In comparison, the next plot represents a fall from $r=5M$ showing time $t$ above the horizon diverging to infinity and showing a fast spatial movement along $t$ inside the horizon causing a stronger time dilation that results in a (roughly twice) smaller value of the proper time $\tau$ between the horizon at $r=2M$ and the singularity at $r=0$.
The charts show that gravity inside a black hole causes a deceleration of moving bodies $\dfrac{d^2t}{dr^2}\lt 0$ and does not accelerate bodies at rest with the speed of $\dfrac{dt}{dr}=0$.
Using these results, we can now visualize the geometry of a Schwarzschild black hole in a spacetime reduced by one dimension
In this diagram, the coordinate $t$ is vertical. Outside the event horizon $t$ represents time; inside the event horizon $t$ represents a spatial dimension that does not point to the singularity. The radial coordinate $r$ is spatial outside the horizon, but represents time inside. Thus the singularity is a line along the spatial dimension of $t$ at the time of $r=0$.
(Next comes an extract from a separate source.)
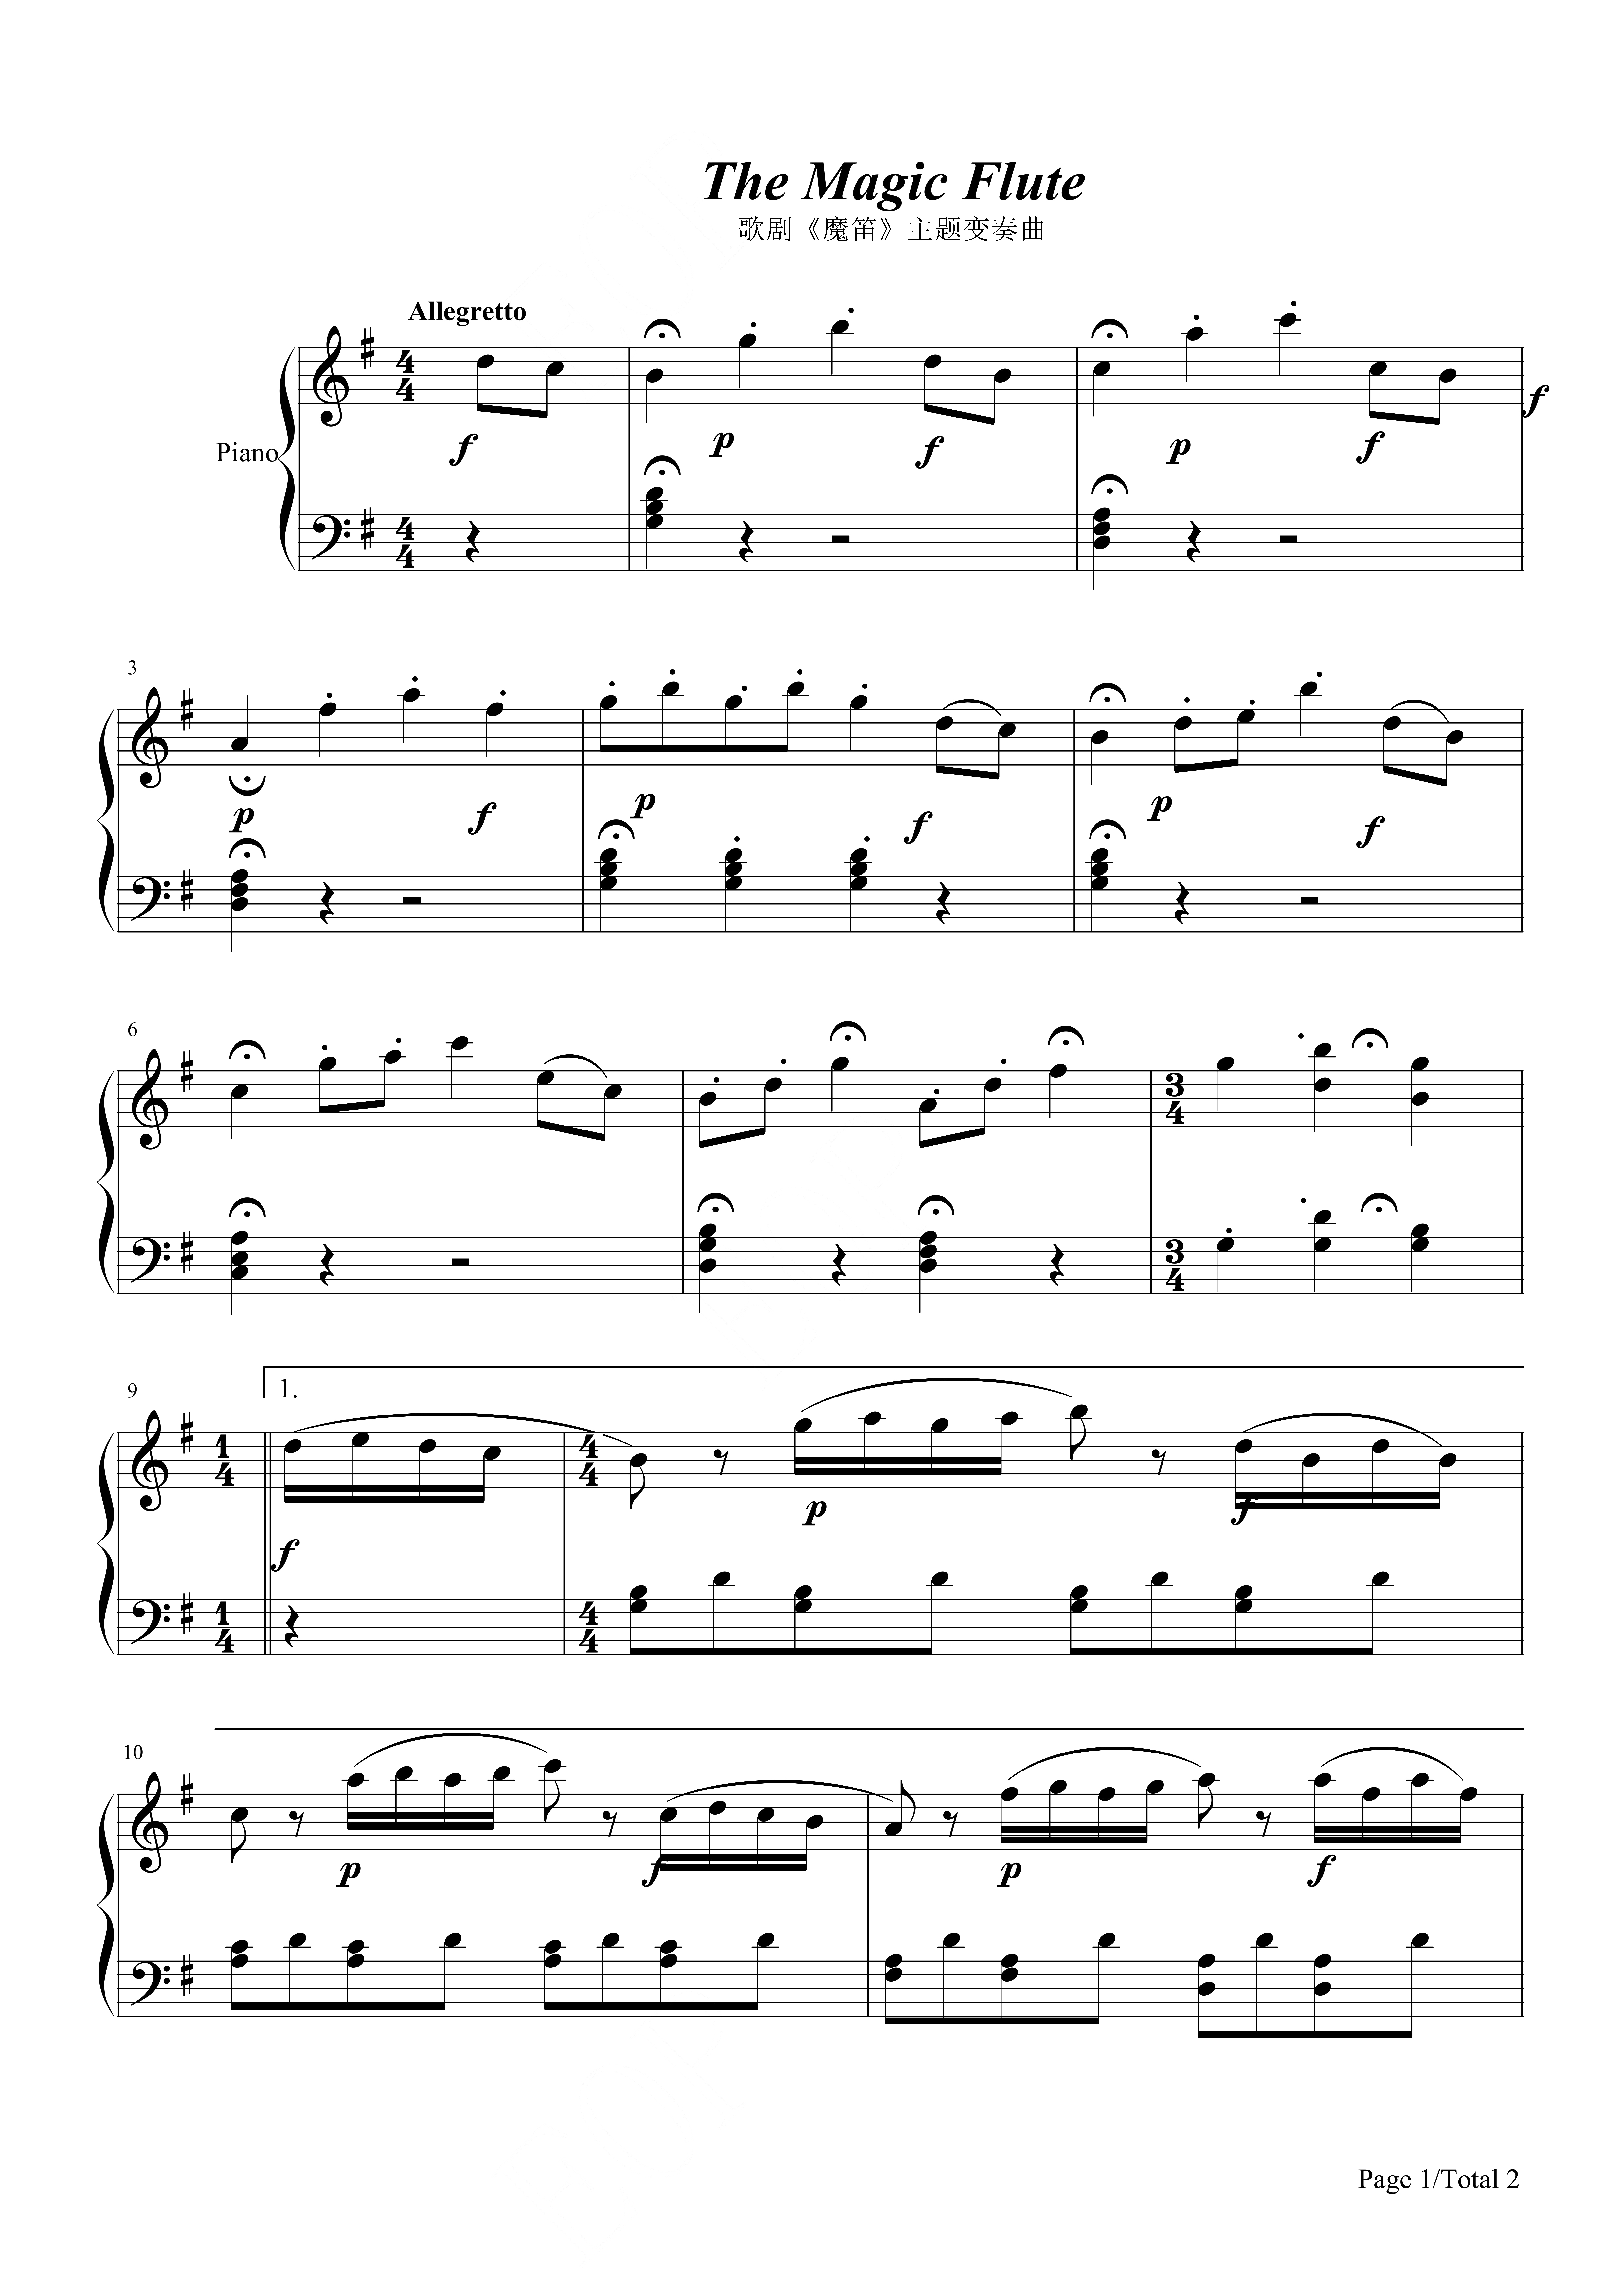 《魔笛》主题变奏曲钢琴谱-莫扎特-歌剧-琴艺谱

A body falling from the event horizon $A$ has no momentum along the spatial dimension of $t$. Therefore this body is stationary inside and moves only in time along $r$ from $A$ to $B$. Due to the symmetry considerations, this body cannot gain a momentum along the spatial direction of $t$ during the fall. For this reason, a body falling from the event horizon would have the longest possible lifetime inside the horizon, as discussed above. While we call this movement "a free fall", in fact the body remains stationary in space.
A different body in a free fall from infinity or from any point outside would move outside the horizon along the geodesic from $C$ to $D$. Passed the point $D$ time diverges to infinity for an external observer. After crossing the horizon, this body continues moving along the geodesic from $E$ to $F$ (see also the geodesic chart above). Because this body moves in space along the dimension of $t$, the body experiences a time dilation due to motion that shortens its total proper time inside the black hole.
To extend the proper time, the movement along $t$ must be decelerated and stopped, as shown at $G$. After that the body is stationary with no movement in space along $t$ while moving only in time along $r$ from $G$ to $H$. Obviously, provided the deceleration time is negligible, the lifetime of this body is maximized as discussed earlier.